Some Dyspraxic folk also have some traits that they share with folk with ADHD.

I think we can also be too good at avoidance strategies for tasks that may trigger memories or past trauma and brain fog can set in. Do you find that if you do something multiple times, that you can load it into long-term memory? Sometimes when I know a task is likely to be a pain I overthink it and endlessly procrastinate while my mind imagines all the many worst case scenarios. If I ring up they will not listen or want to be bothered, I won't be able to correctly convey the info they need and/or I will be fobbed off

Dyspraxia doesn't affect intelligence but the effect it has in respect us not remembering simple steps and/or muddling tasks and the resultant crisis of confidence makes us look anything but, Others' reaction (or our perception of these) compounds our feeling that we're stupid. Even though we aren't.

We're often super hard on ourselves for these things. We see the bigger picture and/or get scared by the amount of minutiae and panic sets in.
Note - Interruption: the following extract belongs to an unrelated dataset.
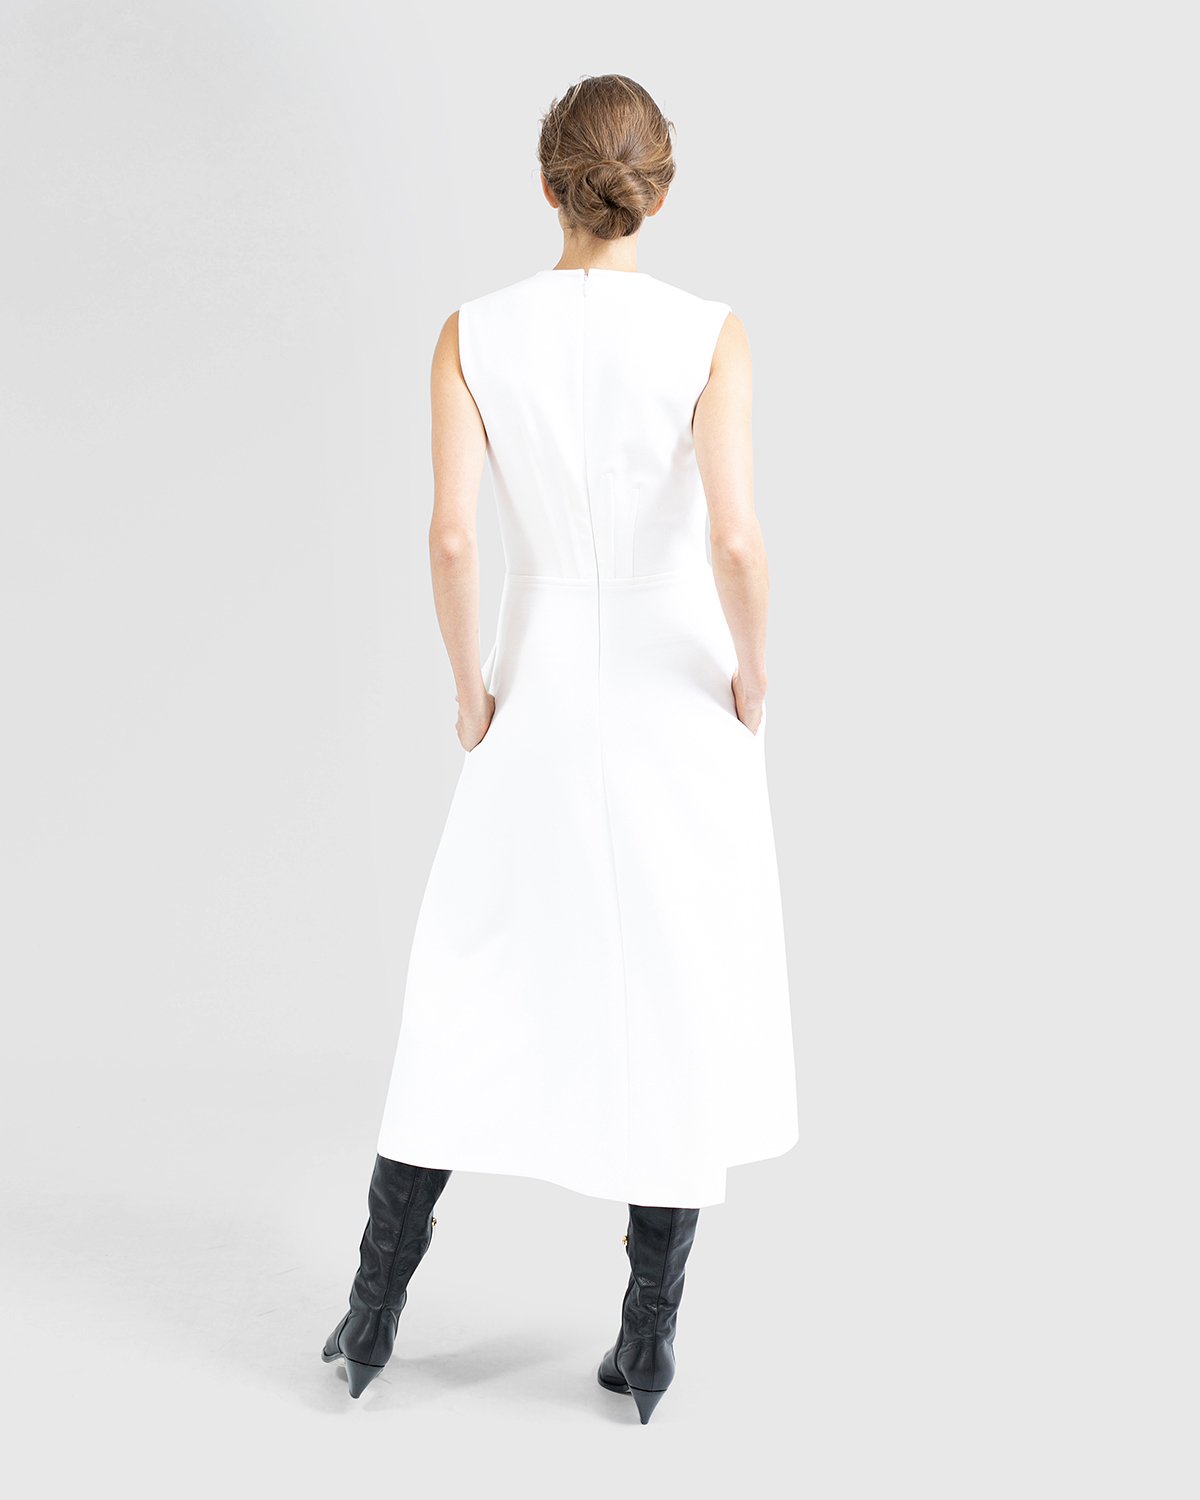 White sleeveless dress | | Genny

A lot of people forget the cognitive aspects of Dyspraxia and see it only as lack of coordination of gross and fine motor movement.

Find ways to break tasks down and accept things will take longer, avoid panic. It is not your fault. You are NOT lazy or stupid, for how you feel!
Tom
Moderator/Administrator

With a foot full of bullets I tried to run faster but I just hobbled on to the next disaster.